Call for Presentations and Participation: hpc-ch forum on Virtualization

DATE AND LOCATION

hpc-ch forum on Virtualization
Thursday, May 20, 2021
Virtual Event

FORUM DETAILS

Description

Traditional HPC computing centres have mainly been used to solve scientific problems posed by the so-called “hard” sciences such as physics, chemistry, or astrophysics. Their infrastructures include most of the compute and storage resources available on most university campuses.

However, the arrival of life sciences, in particular medical sciences, and more recently human sciences has “generated” a new class of users for whom the use of traditional tools (command line, scripting in bash or python) is considered an insurmountable obstacle. Nevertheless, the data analysis needs of these neophyte users grows exponentially.

Therefore, tools trying to simplify these tasks exist but remain outside of the scope of the applications available on traditional HPC resources. This has led these researchers to install many powerful workstations under their desks that are never used optimally, are problematic to manage, and are not cost effective from a budgetary standpoint.
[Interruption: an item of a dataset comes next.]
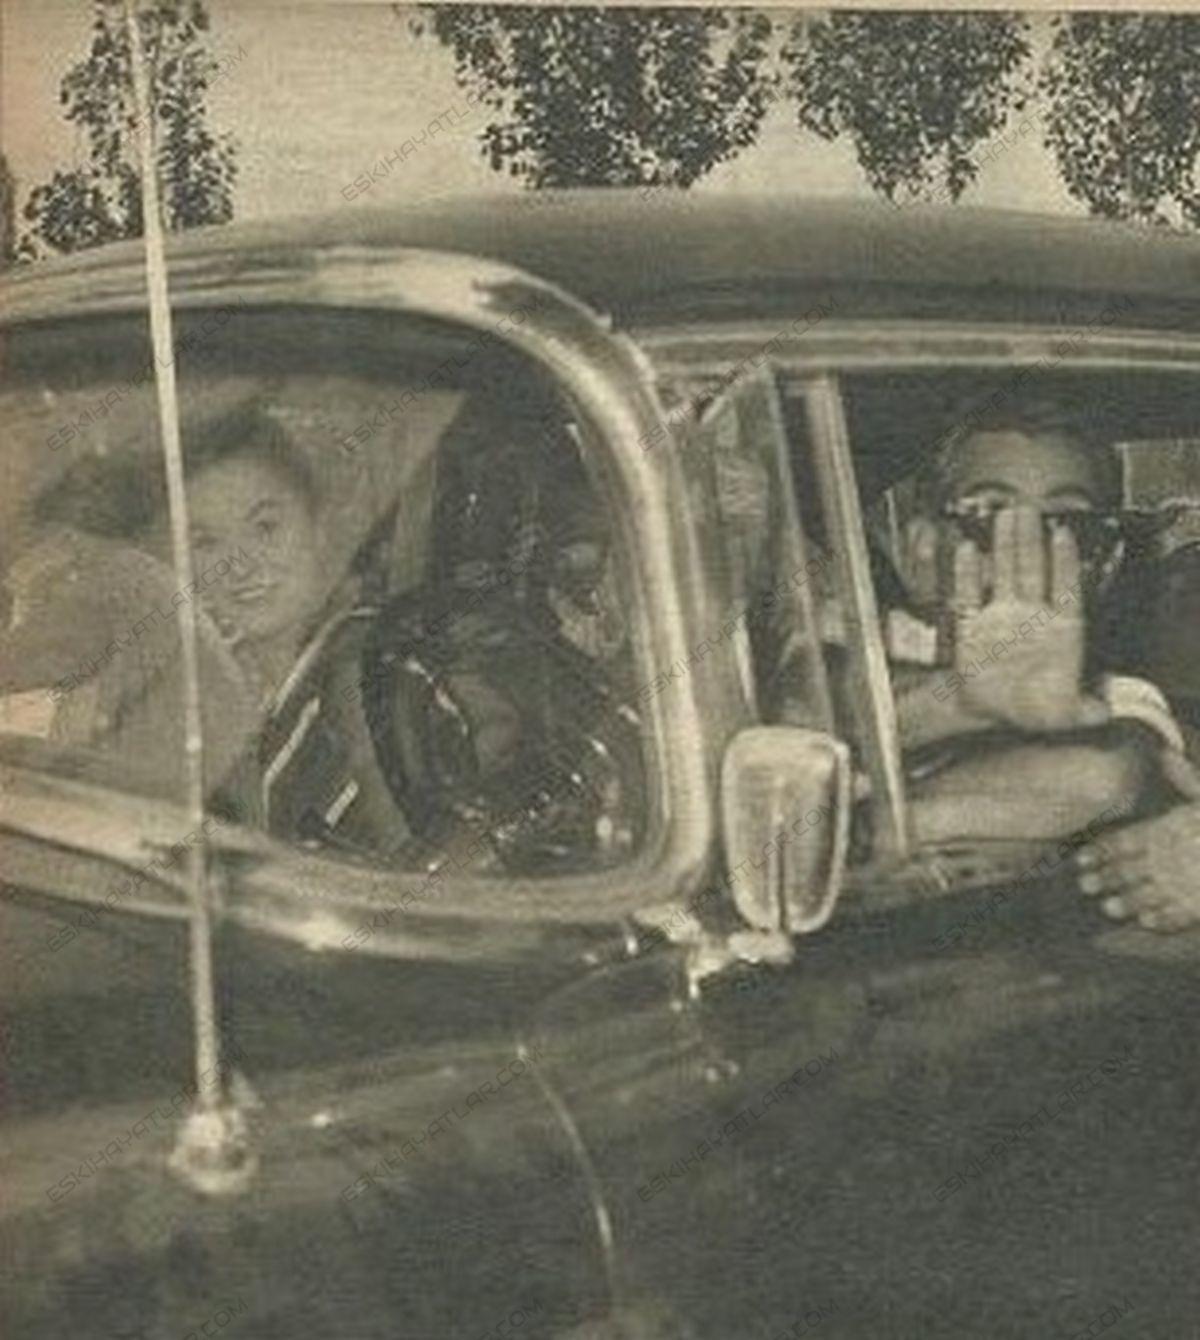 0371-semra-sar-kimdir-semra-sar-fotograflari-1964-ses-dergisi-arsivleri (3)

These “novice” users nevertheless are the main group of researchers using scientific computing resources in generalist universities. It is important to address their needs by providing them adequate and timely available resources without burdening the IT personnel with the management and support of heterogeneous and geographically scattered systems.

Key Questions

System virtualisation: The main goal of systems virtualisation is to optimise the use of computer cycles and memory by mutualizing them in a centrally managed infrastructure. In which cases are virtualisation technologies relevant to the public mentioned in the introduction? Which virtualisation technology do you implement? How do you efficiently deploy workstations and servers? How do you adapt the software stacks to the different needs of the users? How do you manage the lifecycle of these VM?
On premise cloud technologies: Cloud technologies bring an unprecedented ease of use to deploy applications on virtual infrastructures. However, on premise cloud infrastructure usually are very complex to manage and require a very skilled team to manage and support the underlying systems. What are your use cases for on premise cloud infrastructures? How does it compare with standard virtualization technologies? In the rapidly evolving landscape of cloud technologies which one do you use? Have you considered an exit strategy if the selected product is not any more actively maintained or only provided commercially with outrageously expensive licensing fees?
Containers: The demand to support containers for scientific computing applications is growing. There are several container technologies and orchestration platforms competing each other. To name a few we can site Docker, Singularity, Mesos for the container technologies and Swarm, Kubernetes, Chronos/Marathon for orchestration. What are the most suitable container solutions for scientific computing applications? What are the good scientific computing use cases to be run on a container cluster instead of a classical HPC machines? Do we need to manage two different clusters for classical HPC services and container services, or can we efficiently blend the two class of computing services on the same cluster? Containers and GPU computing is an ongoing trend. Nvidia supplies and support on their NGC Catalog a set of curated GPU-optimized containerized applications running on CUDA for AI, HPC and Visualization applications. Should we build our GPU container platforms around NVIDIA-Certified Systems to (as promised by the constructors) seamlessly take profit of the applications packaging and distribution solution offered by NGC or should we build our own vanilla GPU container clusters and packaging platforms?
File systems on demand: Generally HPC infrastructures rely on massive central filesystems attached to all compute nodes in order to provide high throughput and IOPS. However in some cases these filesystems themselves become the bottleneck slowing the data analysis. Some filesystem technologies allow to federate the local disks of the compute nodes to create a transient filesystem usually on the users’ request in order to distinguish the data flux to the main storage. Do you think that such technologies are useful in an HPC environment? Which technologies have you tested and for which use case? Similar question on the container side. Docker, Mesos and Kubernetes support on demand persistent storage through CSI (the Container Storage Interface). Different HPC storage products vendors like IBM Spectrum Scale, WekaIO Matrix, BeeGFS or VAST Data among many other storage vendors have created their driver to interconnect their storage platform to a CSI interface. This provides on demand persistent file or block storage services to the containers. Is this technology mature enough to be used in a production environment? Is anyone using it and if yes what are the use cases?